- Hyperbaena undulata: Preserved specimen of Hyperbaena undulata, consisting of a branch with long green leaves with undulating edges
- Conservation status: Vulnerable (IUCN 3.1)

Scientific classification
- Kingdom: Plantae
- Clade: Tracheophytes
- Clade: Angiosperms
- Clade: Eudicots
- Order: Ranunculales
- Family: Menispermaceae
- Genus: Hyperbaena
- Species: H. undulata
- Binomial name: Hyperbaena undulata Urb. & Ekman

= Hyperbaena undulata =

- Genus: Hyperbaena
- Species: undulata
- Authority: Urb. & Ekman
- Conservation status: VU

Species of flowering plant

Hyperbaena undulata is a species of flowering plant in the family Menispermaceae. It is a small tree with leathery leaves, and is native to the Caribbean. The species was described in 1930, and is listed as Vulnerable by the IUCN.

==Taxonomy==
The species was described by Ignatz Urban and Erik Leonard Ekman in 1930.

==Distribution==
Hyperbaena undulata is native to the wet tropical biome of Haiti. It grows on limestone in coastal areas, at elevations of up to 200 m.

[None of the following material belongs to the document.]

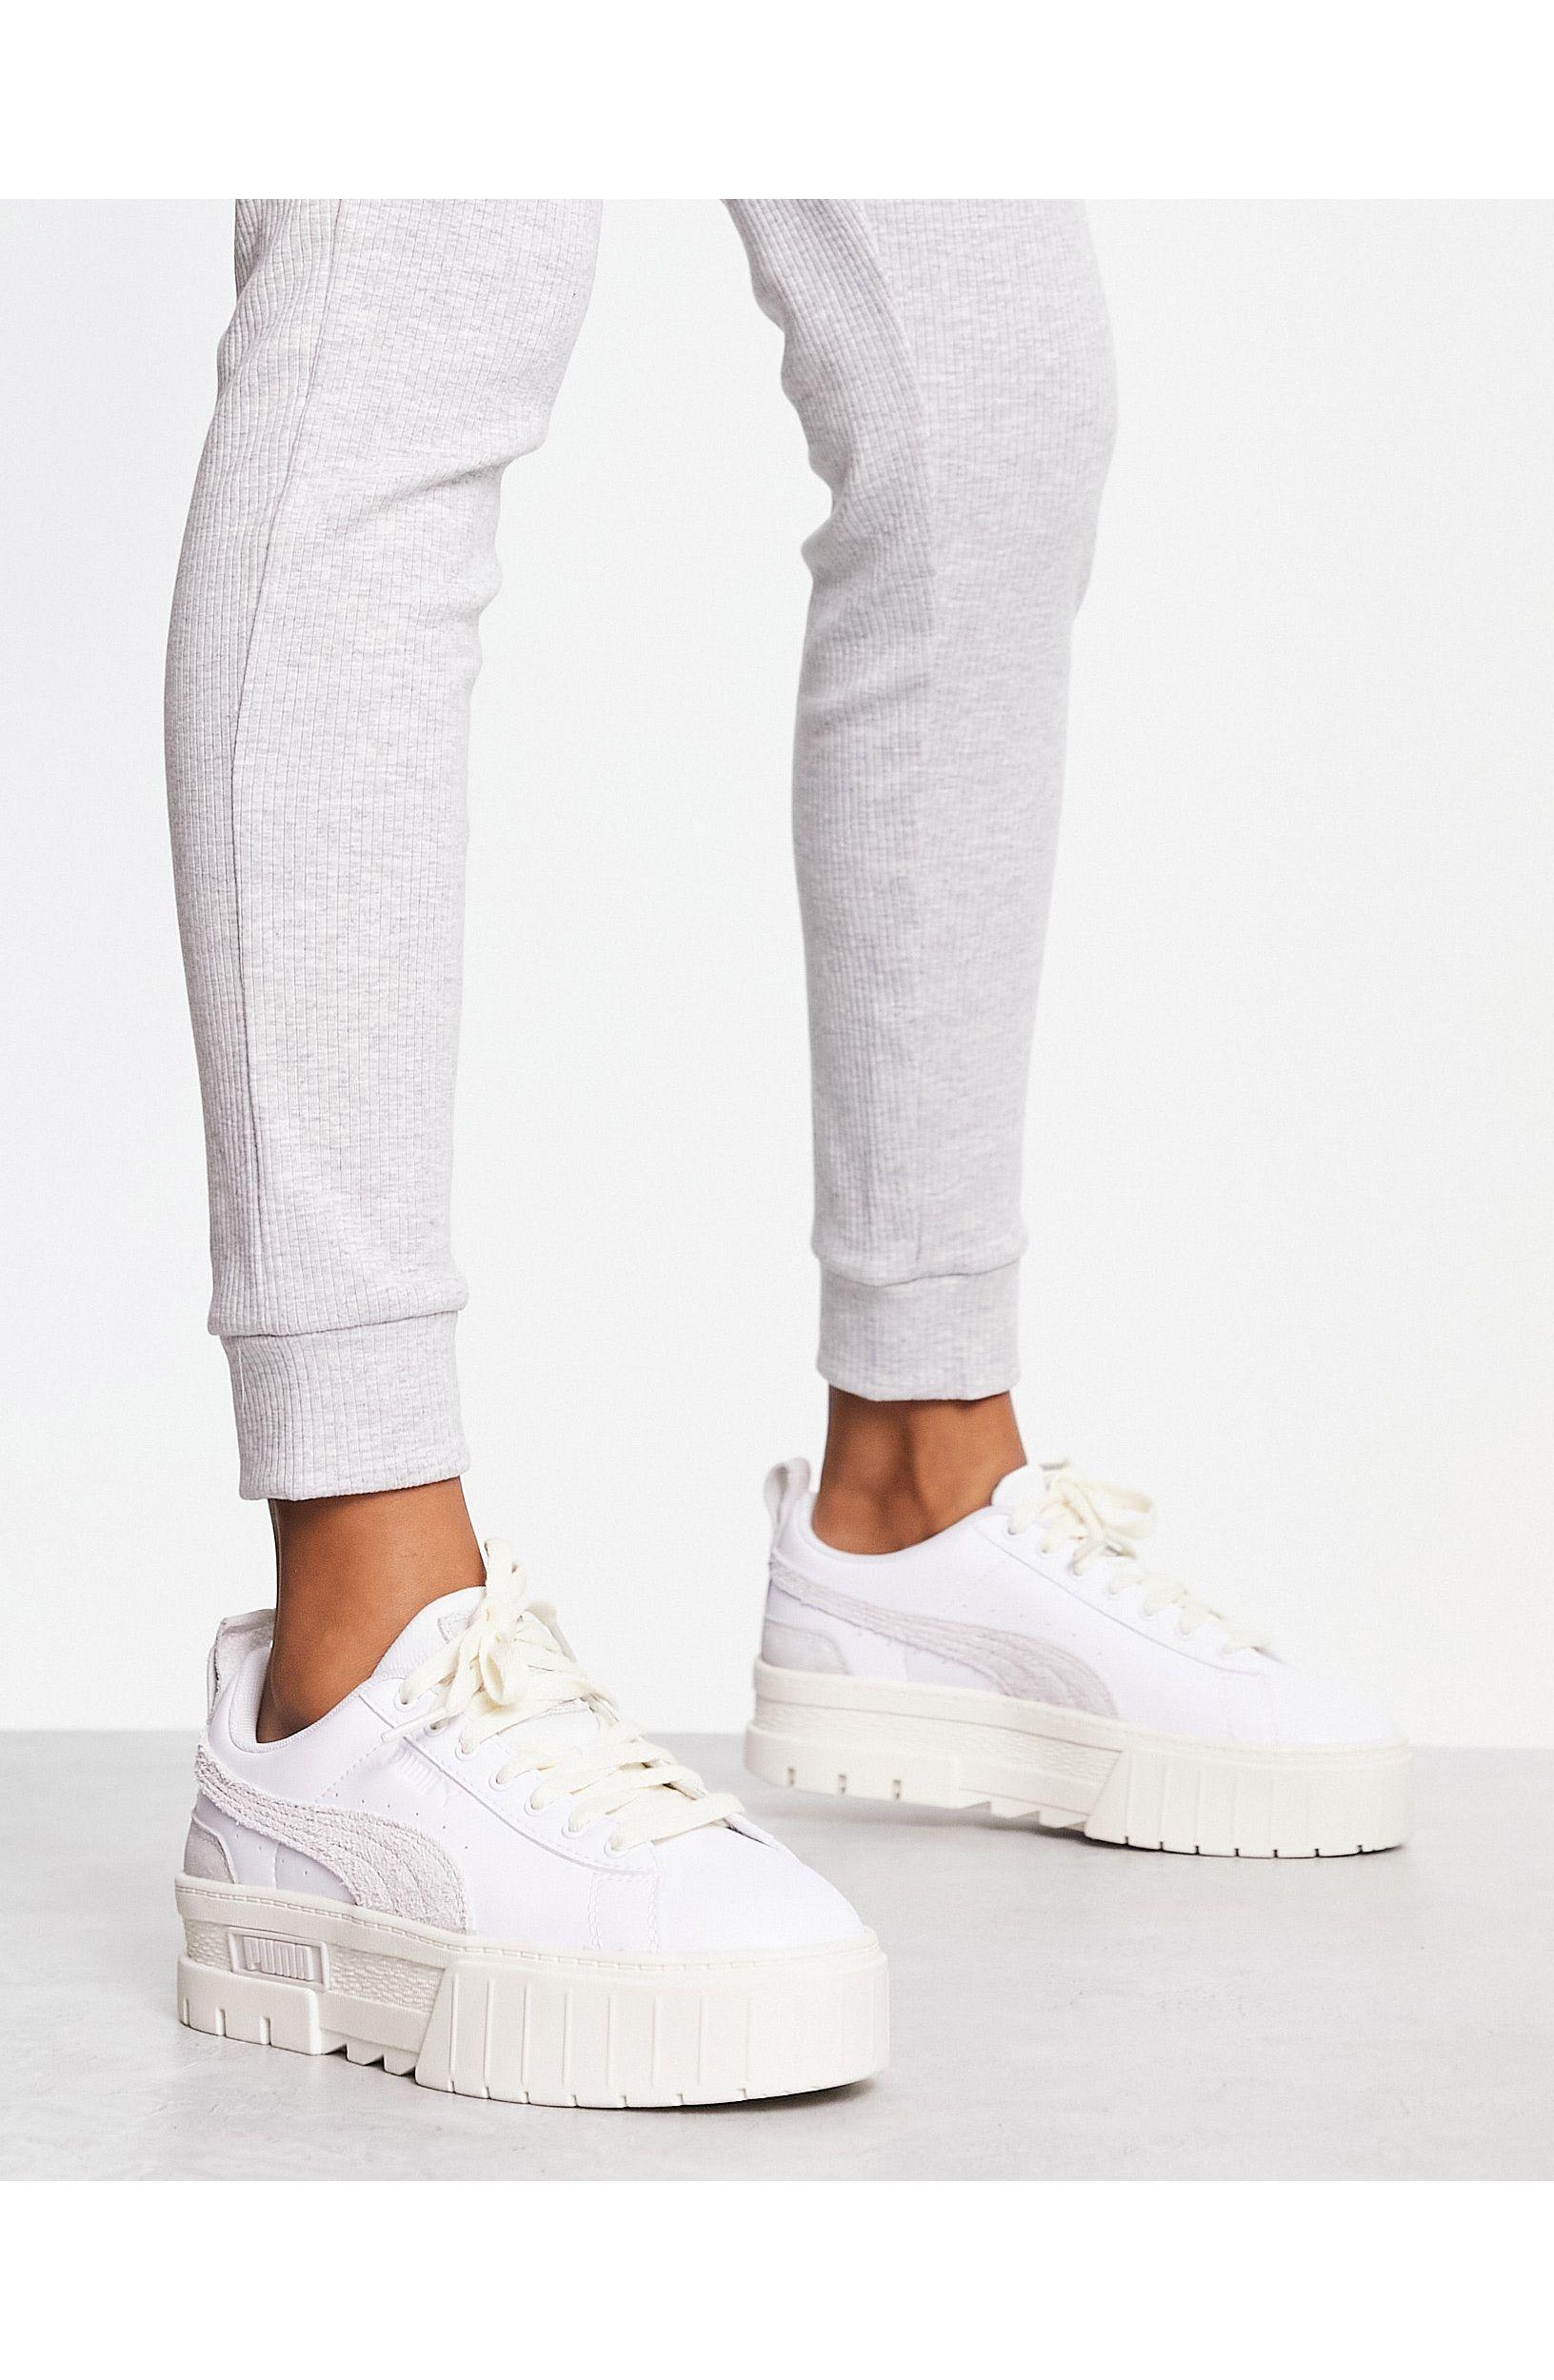 PUMA Mayze Textured Neutral Trainers in White | Lyst

Hyperbaena undulata was considered endemic to the Massif de la Hotte until 1981, when it was found on the south-east coast of Cuba. It has also been found in western Jamaica.

==Description==
Hyperbaena undulata is a small tree that grows up to 7 m high. The branches are cylindrical.

The leaves are leathery, oblong to narrowly ovate, 9-18 cm long, 4-6 cm wide, and have smooth, undulating margins. The leaf stems are 2-5 cm long.

==Conservation==
In 2019, the IUCN assessed Hyperbaena undulata as Vulnerable. It is threatened by habitat loss, climate change, and invasive species.